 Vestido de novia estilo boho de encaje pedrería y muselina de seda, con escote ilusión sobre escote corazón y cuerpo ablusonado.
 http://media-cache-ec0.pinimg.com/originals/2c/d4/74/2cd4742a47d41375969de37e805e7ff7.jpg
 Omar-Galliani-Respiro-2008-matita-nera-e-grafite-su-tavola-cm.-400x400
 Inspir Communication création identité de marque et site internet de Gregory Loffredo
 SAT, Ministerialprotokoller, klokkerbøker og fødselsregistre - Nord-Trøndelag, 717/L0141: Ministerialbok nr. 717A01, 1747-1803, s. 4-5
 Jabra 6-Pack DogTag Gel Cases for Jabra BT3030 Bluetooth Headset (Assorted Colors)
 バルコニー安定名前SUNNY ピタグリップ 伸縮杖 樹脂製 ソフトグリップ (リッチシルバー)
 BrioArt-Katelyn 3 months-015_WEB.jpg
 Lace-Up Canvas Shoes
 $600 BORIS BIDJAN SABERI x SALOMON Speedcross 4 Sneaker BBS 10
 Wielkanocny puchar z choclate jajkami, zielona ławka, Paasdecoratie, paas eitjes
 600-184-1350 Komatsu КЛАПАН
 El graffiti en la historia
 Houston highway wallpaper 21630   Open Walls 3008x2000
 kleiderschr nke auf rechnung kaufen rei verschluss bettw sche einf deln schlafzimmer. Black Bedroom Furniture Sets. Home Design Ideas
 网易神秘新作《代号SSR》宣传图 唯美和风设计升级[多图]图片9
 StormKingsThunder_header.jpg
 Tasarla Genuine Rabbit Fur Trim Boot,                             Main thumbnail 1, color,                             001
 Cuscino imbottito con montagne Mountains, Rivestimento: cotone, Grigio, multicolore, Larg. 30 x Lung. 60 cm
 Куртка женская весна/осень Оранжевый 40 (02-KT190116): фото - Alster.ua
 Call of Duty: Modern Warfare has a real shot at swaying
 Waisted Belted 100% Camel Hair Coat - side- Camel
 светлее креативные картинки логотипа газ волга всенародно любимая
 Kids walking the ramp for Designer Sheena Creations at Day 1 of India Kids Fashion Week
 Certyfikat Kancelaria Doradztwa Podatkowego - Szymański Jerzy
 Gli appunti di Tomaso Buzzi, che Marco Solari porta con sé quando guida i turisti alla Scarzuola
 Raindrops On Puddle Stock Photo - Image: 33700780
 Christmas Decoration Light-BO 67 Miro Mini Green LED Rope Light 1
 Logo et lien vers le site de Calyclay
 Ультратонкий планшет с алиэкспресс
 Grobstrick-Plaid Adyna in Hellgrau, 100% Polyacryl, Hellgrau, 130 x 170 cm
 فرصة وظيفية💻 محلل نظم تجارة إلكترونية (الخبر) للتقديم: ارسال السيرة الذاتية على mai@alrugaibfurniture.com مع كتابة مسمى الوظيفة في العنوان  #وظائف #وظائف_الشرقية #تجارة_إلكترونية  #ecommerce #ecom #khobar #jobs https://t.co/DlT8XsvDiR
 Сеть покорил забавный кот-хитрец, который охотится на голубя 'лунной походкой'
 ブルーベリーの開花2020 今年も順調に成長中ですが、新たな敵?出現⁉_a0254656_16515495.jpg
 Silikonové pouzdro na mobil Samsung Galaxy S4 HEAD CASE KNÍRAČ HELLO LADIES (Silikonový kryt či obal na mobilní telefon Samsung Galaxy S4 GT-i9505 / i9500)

**Action item**
Give back the full listing above, exactly as it reads.

**Written response**
 Vestido de novia estilo boho de encaje pedrería y muselina de seda, con escote ilusión sobre escote corazón y cuerpo ablusonado.
 http://media-cache-ec0.pinimg.com/originals/2c/d4/74/2cd4742a47d41375969de37e805e7ff7.jpg
 Omar-Galliani-Respiro-2008-matita-nera-e-grafite-su-tavola-cm.-400x400
 Inspir Communication création identité de marque et site internet de Gregory Loffredo
 SAT, Ministerialprotokoller, klokkerbøker og fødselsregistre - Nord-Trøndelag, 717/L0141: Ministerialbok nr. 717A01, 1747-1803, s. 4-5
 Jabra 6-Pack DogTag Gel Cases for Jabra BT3030 Bluetooth Headset (Assorted Colors)
 バルコニー安定名前SUNNY ピタグリップ 伸縮杖 樹脂製 ソフトグリップ (リッチシルバー)
 BrioArt-Katelyn 3 months-015_WEB.jpg
 Lace-Up Canvas Shoes
 $600 BORIS BIDJAN SABERI x SALOMON Speedcross 4 Sneaker BBS 10
 Wielkanocny puchar z choclate jajkami, zielona ławka, Paasdecoratie, paas eitjes
 600-184-1350 Komatsu КЛАПАН
 El graffiti en la historia
 Houston highway wallpaper 21630   Open Walls 3008x2000
 kleiderschr nke auf rechnung kaufen rei verschluss bettw sche einf deln schlafzimmer. Black Bedroom Furniture Sets. Home Design Ideas
 网易神秘新作《代号SSR》宣传图 唯美和风设计升级[多图]图片9
 StormKingsThunder_header.jpg
 Tasarla Genuine Rabbit Fur Trim Boot,                             Main thumbnail 1, color,                             001
 Cuscino imbottito con montagne Mountains, Rivestimento: cotone, Grigio, multicolore, Larg. 30 x Lung. 60 cm
 Куртка женская весна/осень Оранжевый 40 (02-KT190116): фото - Alster.ua
 Call of Duty: Modern Warfare has a real shot at swaying
 Waisted Belted 100% Camel Hair Coat - side- Camel
 светлее креативные картинки логотипа газ волга всенародно любимая
 Kids walking the ramp for Designer Sheena Creations at Day 1 of India Kids Fashion Week
 Certyfikat Kancelaria Doradztwa Podatkowego - Szymański Jerzy
 Gli appunti di Tomaso Buzzi, che Marco Solari porta con sé quando guida i turisti alla Scarzuola
 Raindrops On Puddle Stock Photo - Image: 33700780
 Christmas Decoration Light-BO 67 Miro Mini Green LED Rope Light 1
 Logo et lien vers le site de Calyclay
 Ультратонкий планшет с алиэкспресс
 Grobstrick-Plaid Adyna in Hellgrau, 100% Polyacryl, Hellgrau, 130 x 170 cm
 فرصة وظيفية💻 محلل نظم تجارة إلكترونية (الخبر) للتقديم: ارسال السيرة الذاتية على mai@alrugaibfurniture.com مع كتابة مسمى الوظيفة في العنوان  #وظائف #وظائف_الشرقية #تجارة_إلكترونية  #ecommerce #ecom #khobar #jobs https://t.co/DlT8XsvDiR
 Сеть покорил забавный кот-хитрец, который охотится на голубя 'лунной походкой'
 ブルーベリーの開花2020 今年も順調に成長中ですが、新たな敵?出現⁉_a0254656_16515495.jpg
 Silikonové pouzdro na mobil Samsung Galaxy S4 HEAD CASE KNÍRAČ HELLO LADIES (Silikonový kryt či obal na mobilní telefon Samsung Galaxy S4 GT-i9505 / i9500)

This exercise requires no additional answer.